Prof. Dr. Felix Voigtlaender first holder of the Chair for Reliable Machine Learning

Prof. Dr. Felix Voigtlaender is the KU’s first holder of the new Chair for Reliable Machine Learning. The KU was awarded this new chair in a competition of the Bavarian State for the establishment of new professorships on artificial intelligence. Universities and higher education institutions from all over Bavaria had submitted a total of 175 applications to compete for 50 new professorships. Professor Voigtlaender’s research is funded by the Emmy Noether-Programm of the German Research Foundation (DFG). He is a member of the new Mathematical Institute for Machine Learning and Data Science (MIDS) at the KU and is going to hold lectures in the new Bachelor degree program “Data Science” that is to start in the winter semester at the KU.

Professor Voigtlaender studied mathematics and computer sciences at the RWTH in his hometown Aachen, and did his PhD there. He then became a research associate at the RWTH and the TU Berlin, before working at the KU for two years. His research then took him to Vienna University, where he took on a post as senior scientist. Before he came to the KU, Voigtlaender pursued a research project at TU Munich, which was funded by the DFG as part of the Emmy-Noether program. He has taken his project on the topic “Stability and Solvability in Deep Learning” to the KU.

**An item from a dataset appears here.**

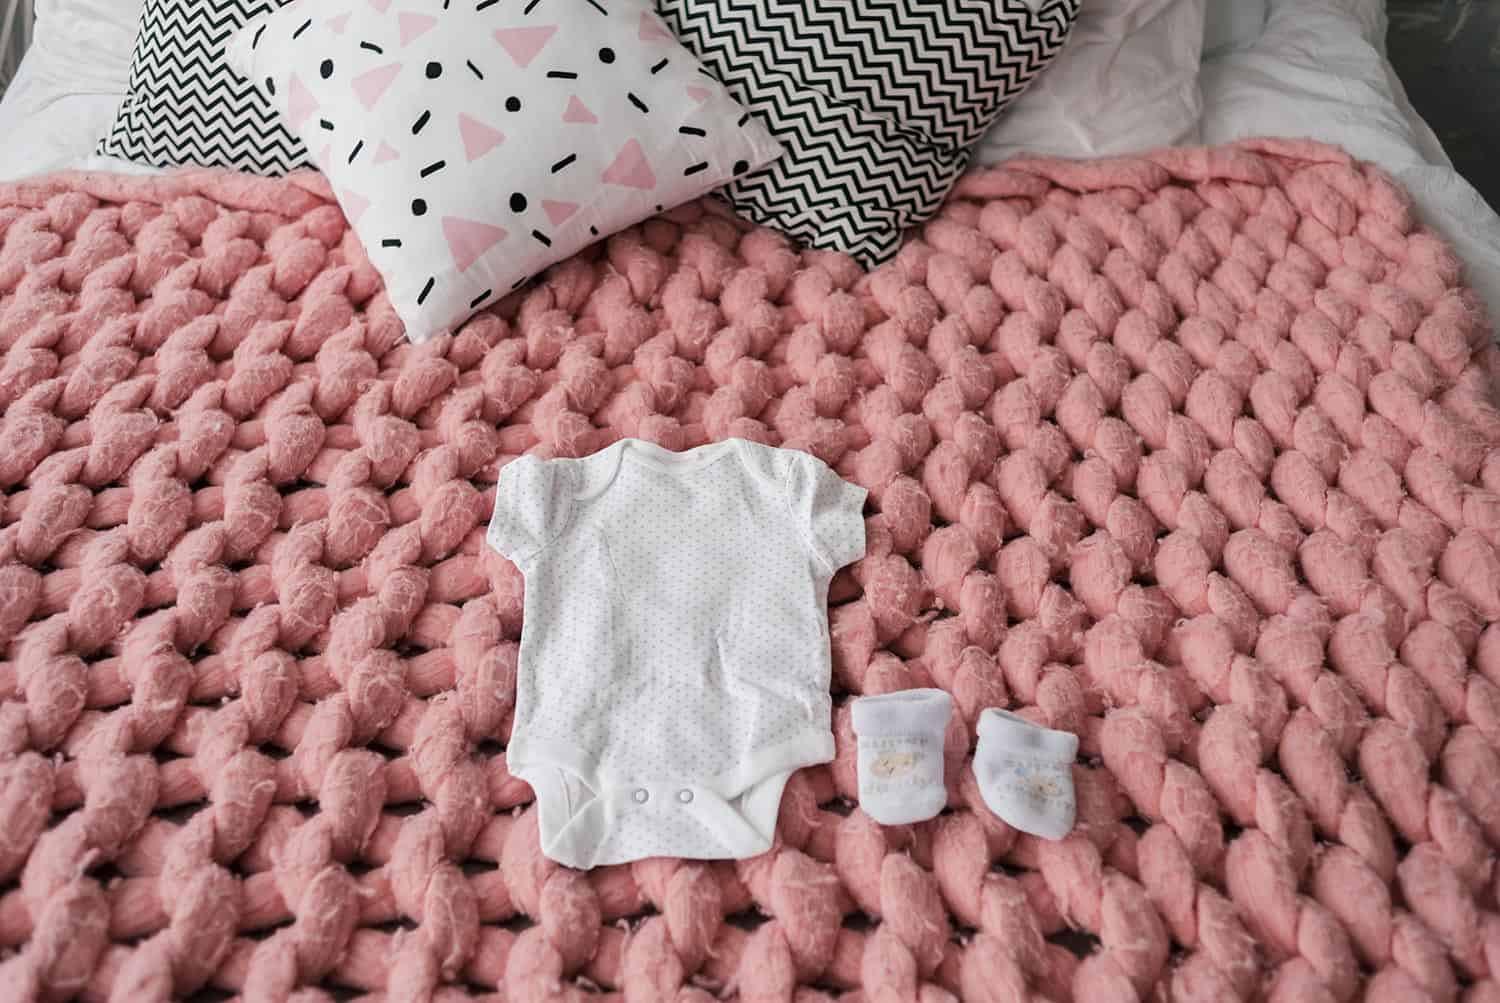 Baby clothes and shoes for newborn in pastel colors on pink merino wool blanket

Focus areas of his works are the mathematical foundations of machine learning, in particular with regard to understanding and reaching transparency in so-called deep learning. “This means training an artificial neuronal network with data in a way it can solve a task well - either automatically recognizing language or images,” says Voigtlaender. Despite the overwhelming practical successes, we still do not fully understand why this technology works so well and where its limits lie. “I think that the term “Artificial Intelligence” raises expectations that this technology, despite recent progress, can’t meet yet. That is why it is important to really understand the fundamentals of the math that yield machine learning results.”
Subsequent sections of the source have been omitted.